Cryptanalysis of the NFL Schedule
Rutgers University
January 12, 2016
This is a companion piece to
my
interview with John Urschel in the February 2016 Notices of the American Mathematical Society.
It aims to explain in everyday terms how some principles of codebreaking
(or “cryptanalysis” as it is called by those in the community) can be applied to
see a bias in a familiar scheme: the NFL schedule. We’ll see that in certain years (including
2015), the NFL schedule has an unexpected quirk that might explain why the New
England Patriots and Carolina Panthers had such strong seasons. I’ll also explain how to use mathematics to
fix the problem, and touch upon some exciting current mathematical topics such
as the “Graph Isomorphism Problem”.
Codebreakers often find themselves face-to-face with a
complicated, impenetrable-looking cryptosystem that seems to offer no hint as
to how to attack it. Usually they fail,
but occasionally careful scrutiny will reveal a small design flaw that causes a
pattern to repeat itself more often than it probably should. Alternatively, there might be an unintended,
very small lack of randomness that biases the encryption a particular way. Once that small crack in the ice is taken
advantage of, a fortunate attacker can sometimes leverage it to defeat the
entire cryptosystem. A classic example is
the “Cryptogram” found
in newspaper comics sections, in which each letter of the alphabet is encoded
as a different letter (these are also known as substitution
ciphers). The English language uses letters like “e” and “i” more
frequently than “j” and “x”, and this bias makes it possible to crack such
codes even as a recreational hobby.
I’ll explain a toy example of the cryptanalysis methodology
applied to the NFL schedule. Of course
the NFL schedule is not cryptic: everyone knows what it is in advance, and so
the allusion to cryptography is merely an analogy. We will see that in certain years --
including 2015 -- the schedule has very different features. (For a peek, see Figures 1 and 6 below.)

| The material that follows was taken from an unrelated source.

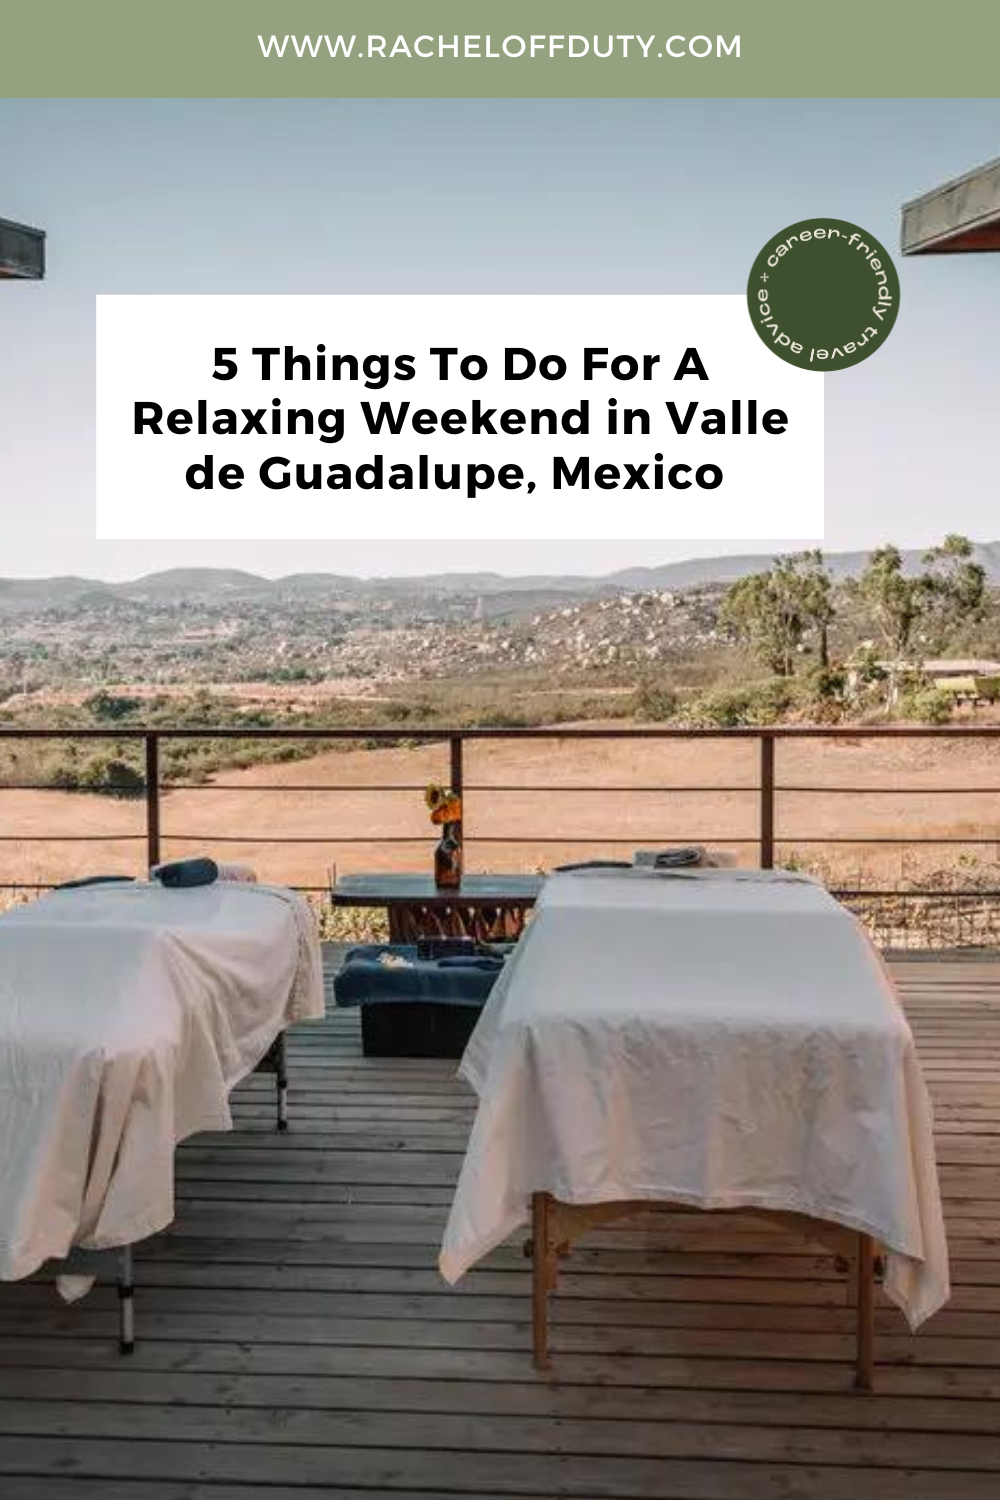 Rachel Off Duty: 5 Things To Do For A Relaxing Weekend in Valle de Guadalupe, Mexico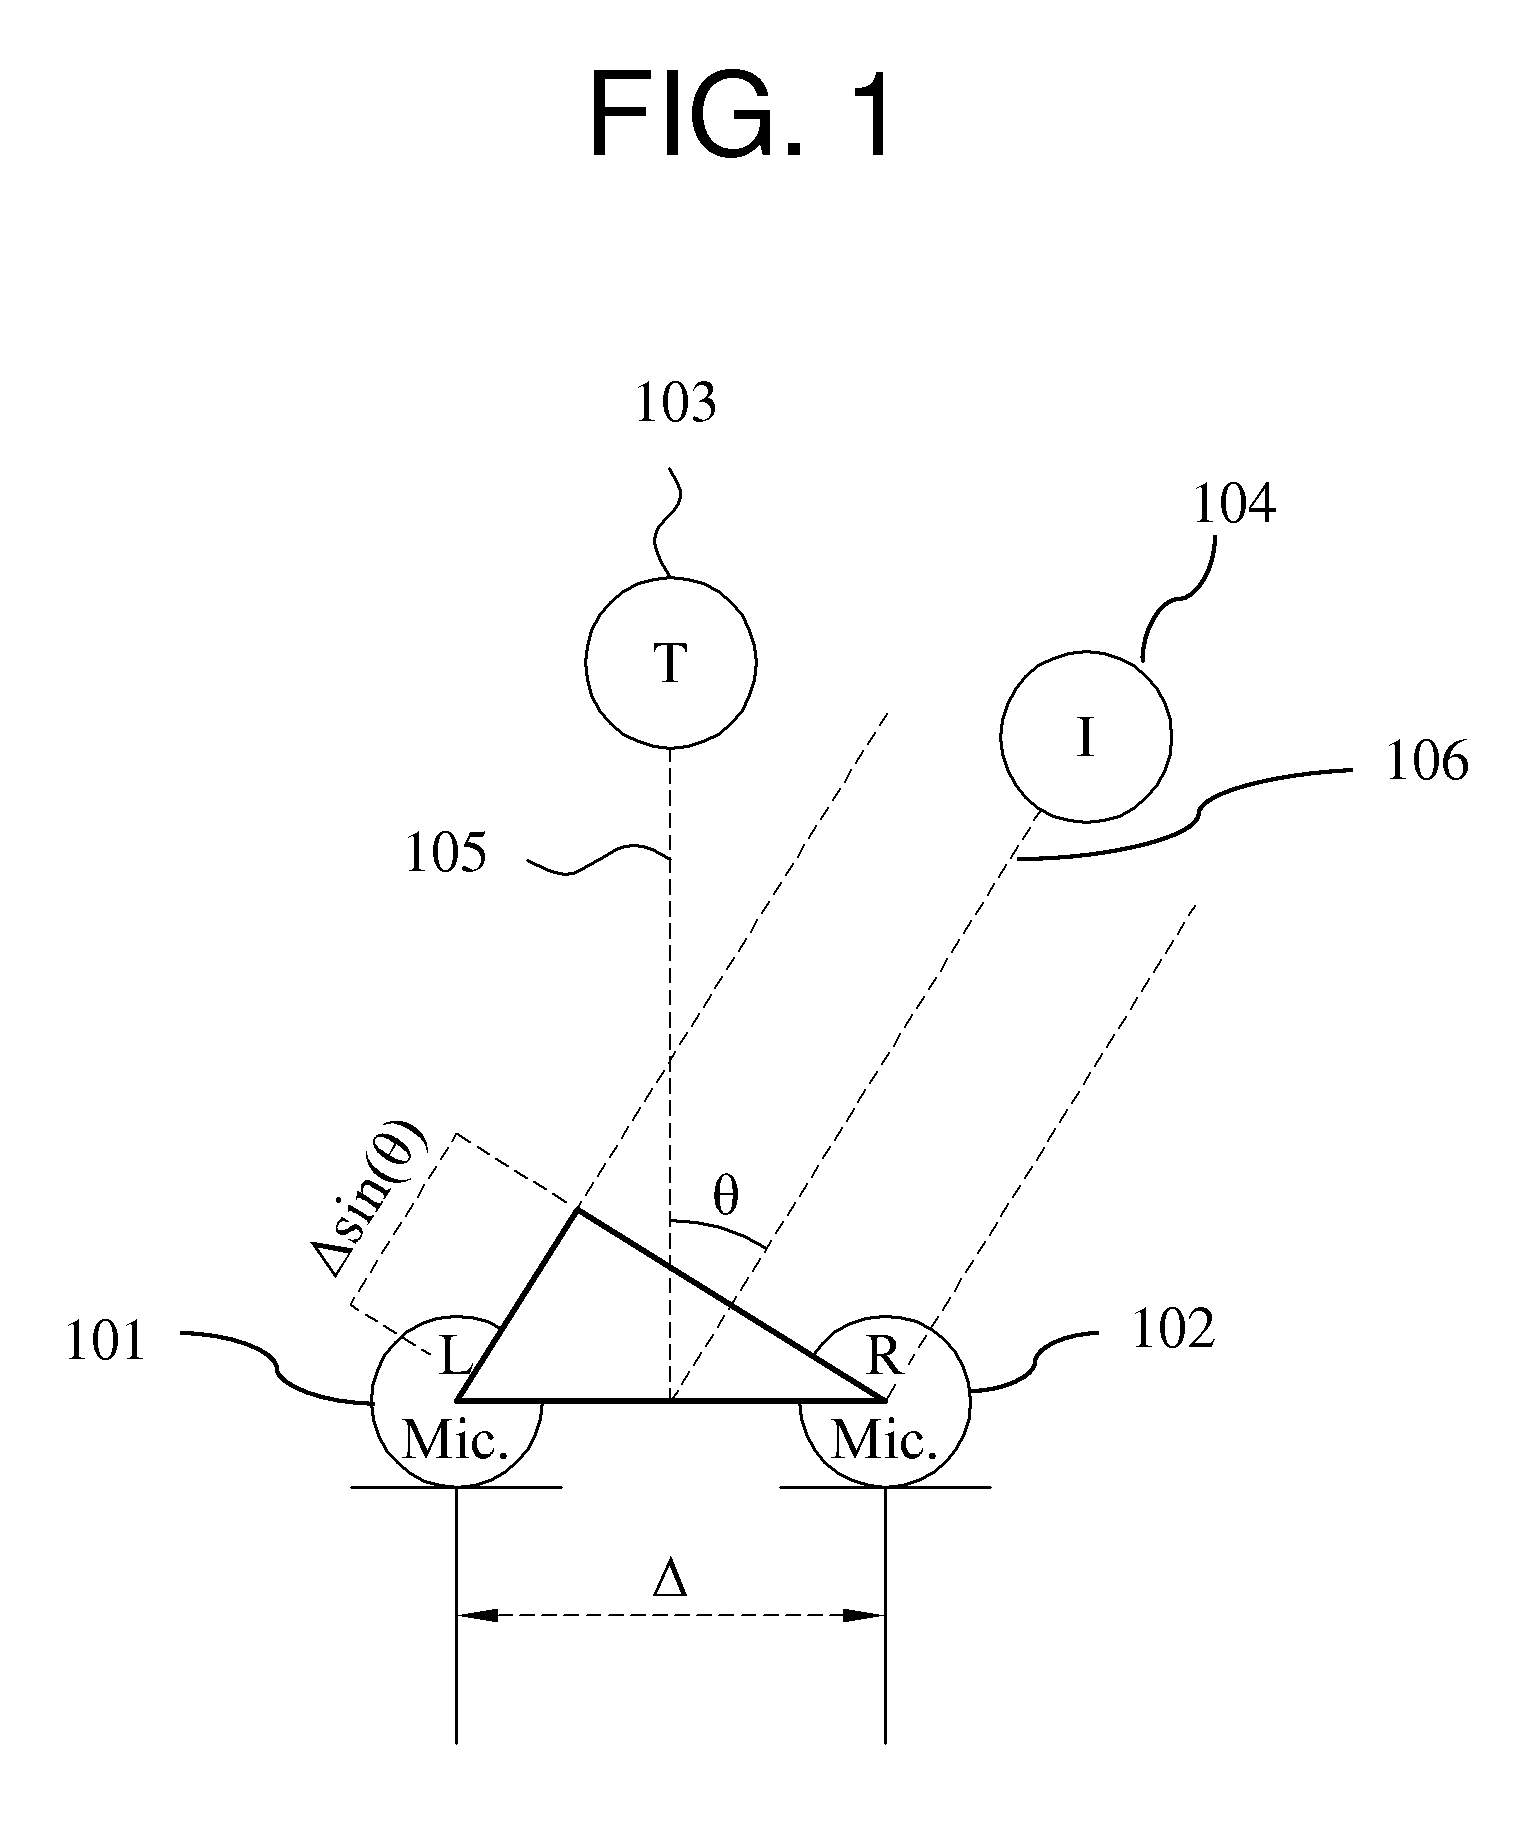 Signal separation system and method for automatically selecting threshold to separate sound sources

The NFL Schedule rotation: The 32 NFL teams are organized into two
conferences (AFC and NFC), each of which has 4 divisions of 4 teams
apiece. Each team plays 16 games a
season. 14 of those games are against
rivals that are determined far in advance by a schedule rotation. (It is this rotation which has the flaw I
alluded to above.) Here’s a schematic
indicating who those 14 games are against:
6 games within the division (each of the 3 |
All 4 teams in a different division within the same conference |
All 4 teams in a division of the other conference |
2 equally ranked teams in the same conference |
Every team in a given division has a common list of
opponents in 14 games. They play every other
team their own division, every team in another division in the conference, and
every team in another division in the other conference. The key point is that a team plays only 2
other games (marked in blue) aside from these set divisional matchups. Those 2 games, which are played against other
conference rivals, are against teams which finished the previous season in the
same place in the standings. Thus a team
that finishes in 3rd place in its division will play all other 3rd
place finishers in its conference the following year (one of these is already included
in the green grouping).
In
2015 the NFL is arranged into geographic regions more than it is into
conferences. |
What’s the problem? In setting up the rotation (which you can
find neatly described here),
the NFL was not careful about setting up the 4-year cycle of divisions from the
other conference (marked in red). They
also apparently failed to take into account different possibilities which would
have worked better (I’ll suggest improvements below, e.g., in Figure 3). It could be there was an excellent reason
behind this, but nobody I’ve spoken to is aware of one. I am also unaware of any other league where
the schedule structure varies so drastically in different years. This causes an unexpected and unintended
pattern which I’ll now describe.
As we just saw, 14 out of 16 of the opponents a team plays
are determined by the schedule rotation, which is purely dependent on their
division. Here’s a schematic indicating
the divisions that play each other in the 2015 season:
Figure 1: The North-West and South-East clusters in the 2015
NFL schedule.
Here I’ve connected two divisions with an arc if they play
each other. There is a very striking,
unexpected feature here: there are 2 different clusters in this picture. This means that, aside from the 2 games in
blue against teams that finished equally ranked in the 2014 standings, there
are no games between teams on the left and teams on the right. In particular, 87.5% of all games are
internal to these separate clusters: in 2015 teams in the East and South play
very few games against teams in the North and East, which is not at all the
case for 2016 when the schematic will look like this:
Figure 2: The 2016
schedule has just 1 cluster (unlike 2015's).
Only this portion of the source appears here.